Date Joined Sep 2008
Total Posts : 7
   Posted 10/24/2008 7:31 PM (GMT -7)   
Hello Guys.... It's been awhile since i wrote... and that is because i don't have good news.... i am very sorry to say that my gran has passed on ( October 16 ) ....I knew it was coming ... but it all came kinda sudden

Butterflythree
Veteran Member


Date Joined Oct 2007
Total Posts : 954
   Posted 10/24/2008 8:28 PM (GMT -7)   
LighninSilk, I am so sorry to hear about you grandma. Know that she is in a better place and no longer has to deal with the terrible effects of this disease. My thoughts and prayers are with you.
Butterflythree
 
There is always hope!


hep93
Elite Member


Date Joined Jul 2005
Total Posts : 12014
   Posted 10/24/2008 8:31 PM (GMT -7)   

{{{{{{{Lightnin}}}}}}  I am so sorry.  I know how much your grandmother meant to you and how much you must be hurting.  It may help to know that she is no longer suffering...that she is free of this awful disease.  I'm sure she felt comforted by your presence in her last days. 
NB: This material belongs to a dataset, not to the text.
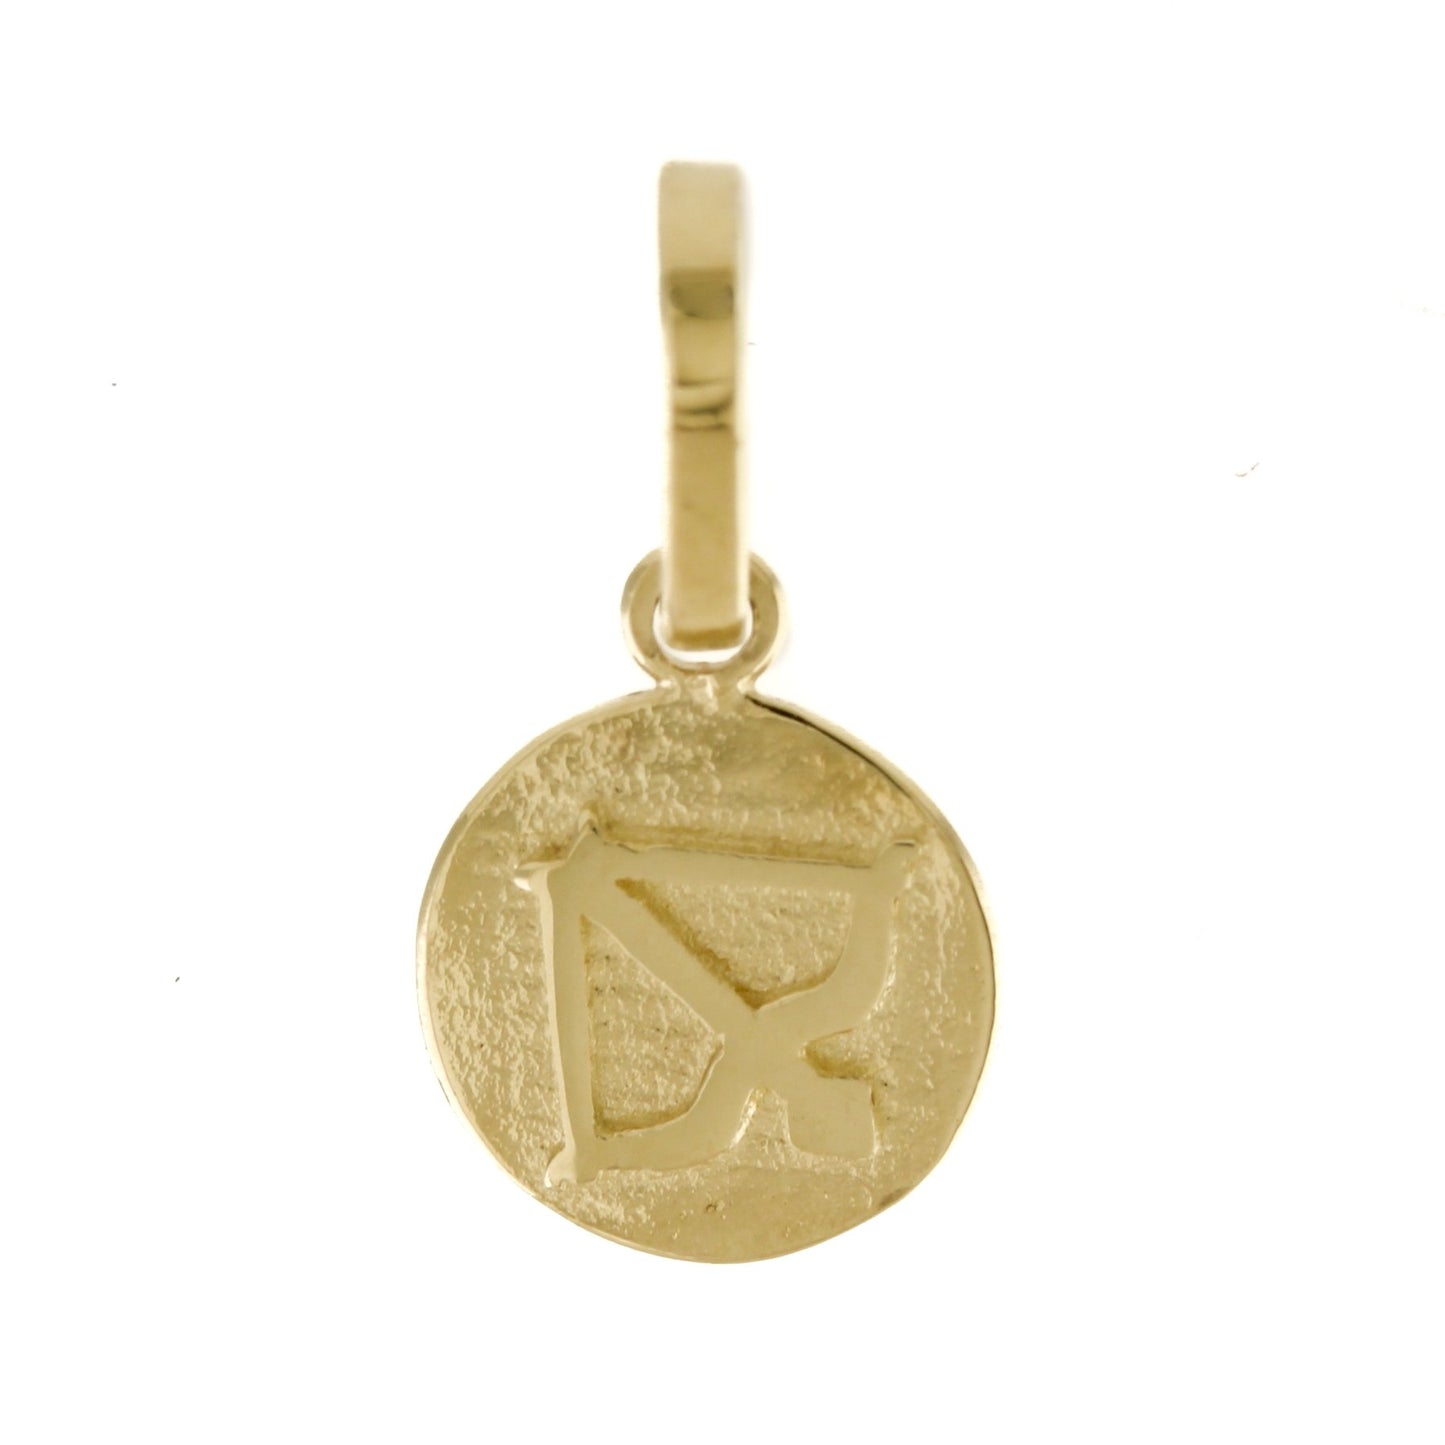 10k Zodiac Charms - Kingdom Jewelry

Please keep in touch and let us know how you are doing.


Hugs,
Connie
 
"But that was yesterday, and I was a different person then."
 
Alice in Wonderland, Lewis Carroll


Pink Grandma
Veteran Member


Date Joined Nov 2006
Total Posts : 2445
   Posted 10/25/2008 12:41 AM (GMT -7)   
Lightingsilk, please accept my sincere condolence on your grandmother's passing.
I know that you are hurting from your loss. When my husband passed away, our granddaughters were devastated. I know that they are probably a lot younger than you, but this is what I told them and what still helps them to this day. I told them that now their Papa was their guardian angel. I ask them to pick out a star and that star would be him, and every night when they saw that star....it meant that he was watching over them.

Lightning.........your grandmother is watching over you now. I know that you are not a child........but my parents are still watching over me some 37 years later..........

Lot's of thoughts and prayers.........
Pink Grandma
Forum moderator-Hepatitis

When the going gets tough....the tough get going! Don't always know where I going but I get there anyways.